Крест по всем, в ответ - преклонение голов, кругом на месте, и нет никого. Фогель тоже было стартонул, да Федос удержал жестом. – Объясни, - велел Глущенку, спустившемуся с переруба.
 - Они семья, - сказал Вася. – Работа их там, далеко.

«Работа?» - Дитер подавился недоумением. – «Семья?» - С отмотанной «киноленты» мелькнул эпизод у осин. Этот человек, кажется, плакал. Значит, его жена умерла, его ребёнка разодрали мотоциклами. Их брат? Что он им сказал? Напугались и ушли. Чем доволен? Вряд ли будет ответ, и от вопросов невыносимо.

Вторым замахом перекрестил Федос вклеившегося в помывочные мостки Леона и нарвался: - Не имеете права! – взлетел на выдохе вопль.
- Чего?
- Того самого. У нас светская страна!

- Не веруешь, стало быть? – И ухом не повёл мужик, видавший виды. - Хорошо. Ладно. К чему же беспокоиться? Раз не веруешь, для тебя и нет действия, будто вовсе мимоходом.
- Как нет?

- Очень просто. Скажу вот ему, - указал на Зуева, - что он кошка. Разве с этого хвост появится или усы?
- Причём хвост!
- «По вере вашей», так говорят. Уверуй, что я в точку дразнился, хвост и вырастет.

Леон обдал недоумка ледяным взглядом: «видали зубоскалов».
- Правильно, - согласился Федос. – Либо вздор, либо оценка, взгляд со стороны: дескать поступь кошачья, в обличии вкрадчивость. Второе следует принять, первым – пренебречь, на счёт моего неразума отнести. Кто так делает, того не дразнят.

Ребята, будто ждали повода покривляться, брызнули кузнечиками с травы. - Кошка, кошка, кошка, - высунул на Зуева язык Сарычев, а тот «завилял хвостом», будто бы уже отросший. - Кошка! Кошка! Кошка!

- Козёл он! – Припечатал словцо Алфёров. – Блеет по утрам!
Ты чо! – вступился за наперсника Мазин. – Козёл, это - кого в жопу … С такими никто ничего не ест и воще.

- Бранное слово зачем, - погрустнел глазами Федос. – Нечто можно? Ими от смерти отбиваются, ворога уложить, аль горюна беспамятного поднять, а так-то! Что ж вы, мужики? Бляскаете, будто молонья в снегу.
Гришка покраснел, не догадываясь, что речь свою осквернил последний раз в жизни.

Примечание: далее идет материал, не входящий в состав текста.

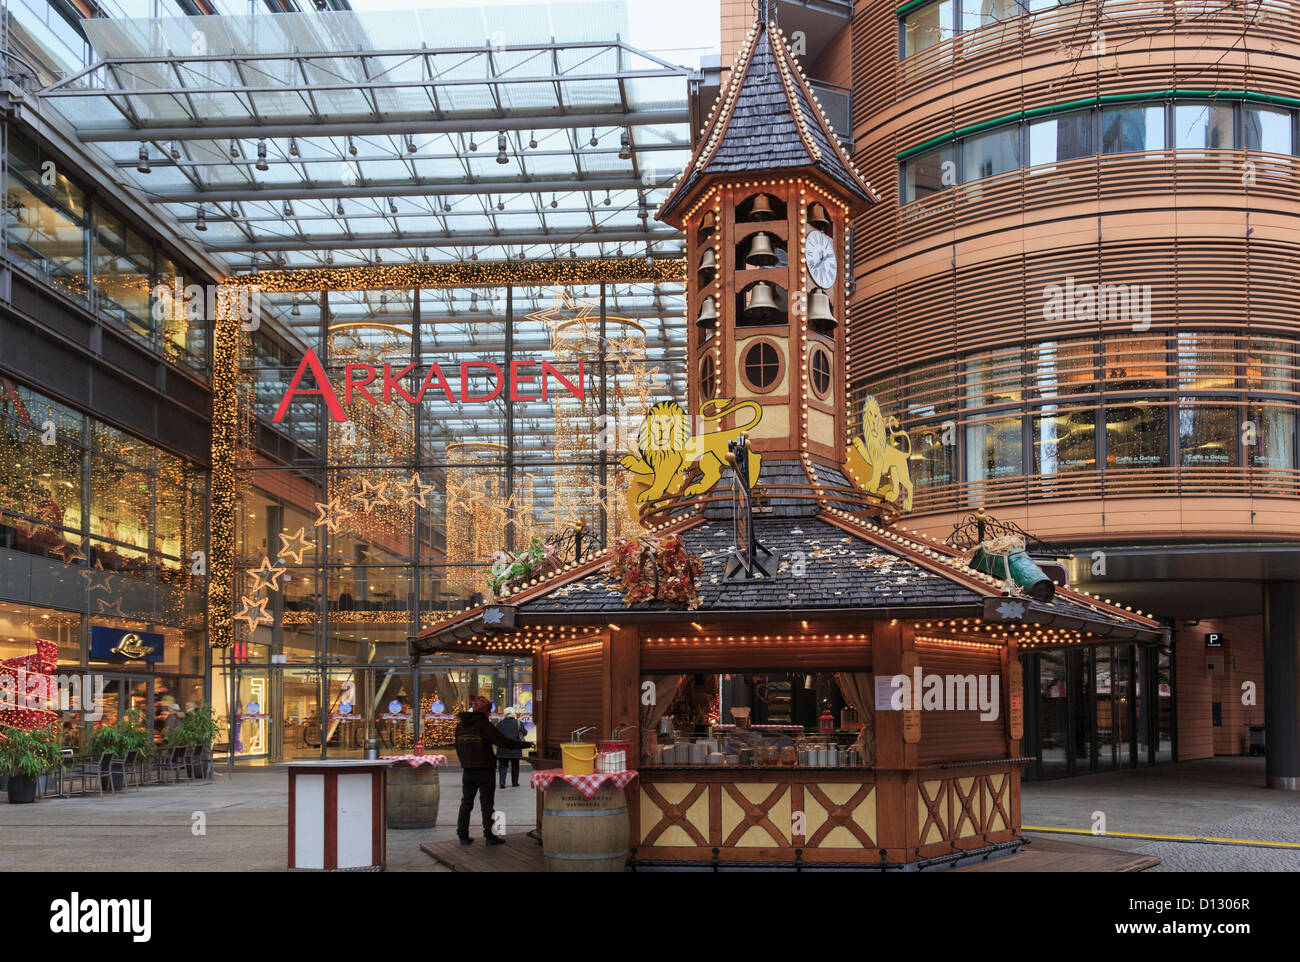 Weihnachtsmarkt am stall am Eingang Arkaden Shopping Centre Mall am Potsdamer Platz, Berlin, Deutschland Stockfoto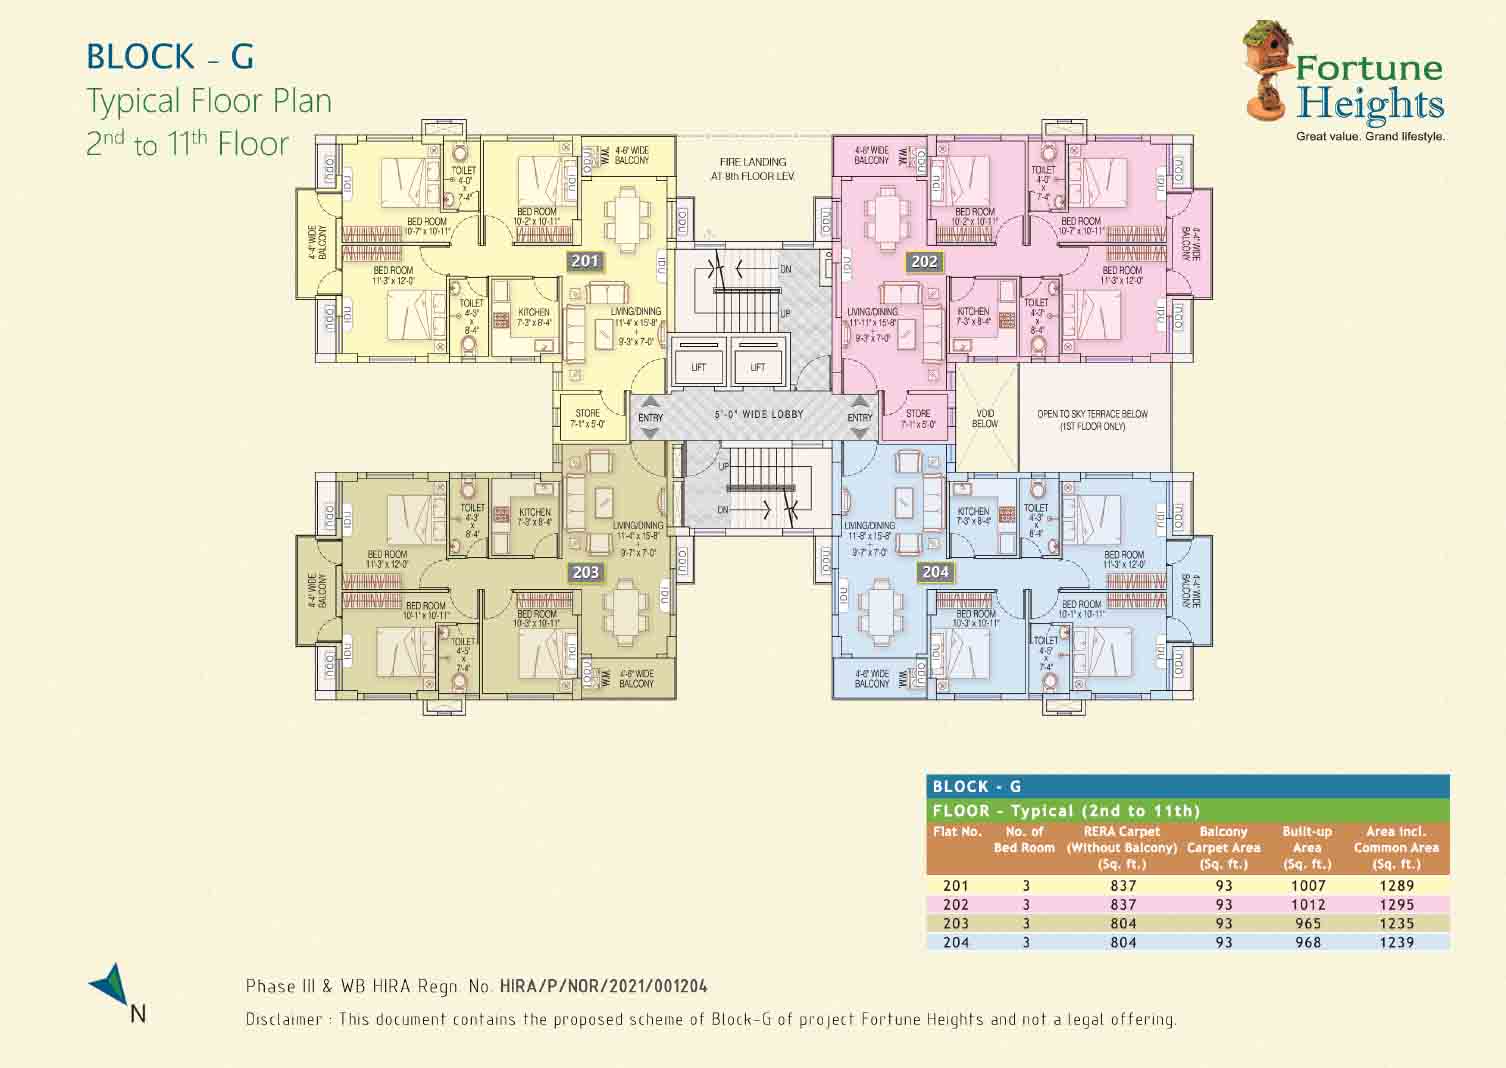 1629208009block-g-typical-floor-plan-2nd-to-11th-floor5486

Тихо прозвучал укор, ветром отнесло с половины. Обмолвись мать, сосед, «Жандарм Европы», - не расслышали бы. Но Феденька! Архангел над «Архангелами». Как он там сказал: «осквернение самой жизни; проклятие будущего и будущих твоих!» Жены, стало быть, детей, друзей, которые появятся, и всё – одним словом?

«Не совместим с армией, - говорит про него Сулимов, - ищешь пародию на солдата, вот она - бери». Только где Феденька идёт – ни звука, ни шороха. Провожает меж опасностей туман, твёрдыми делаются воды. Власть дана – убивать без ответок. погибель расступается, супостаты цепенеют, шарахается огонь. Гришка видел. Ни это, быть бы им с Зуевым теперь в селениях небесных, подпоры вылизывать.

А живое! До сердцевин открыто. Змейки льнут к ногам, ящерицы, не говоря уж про щенят. В кармане то барсучишка, то бельчонок, из дупла выпавший с тем, чтоб подрастив, лесу вернуть. На лыжах бежит, птиц с ладони кормит. Зимой шатуна в берлогу уложил посредством какого-то укола. Где это видано! Молодой медведь, на втором году, и всё же!

- Вот ладно, - Сказал федос, - вот и поняли. Обузданная речь знаете какие силы придаёт! А ты парень, - велел Леону, - держись их, не бойся. Дурь выскакивает малмал (у тебя она тоже выскакивает) и всё-таки надёжные ребята, без подвоха.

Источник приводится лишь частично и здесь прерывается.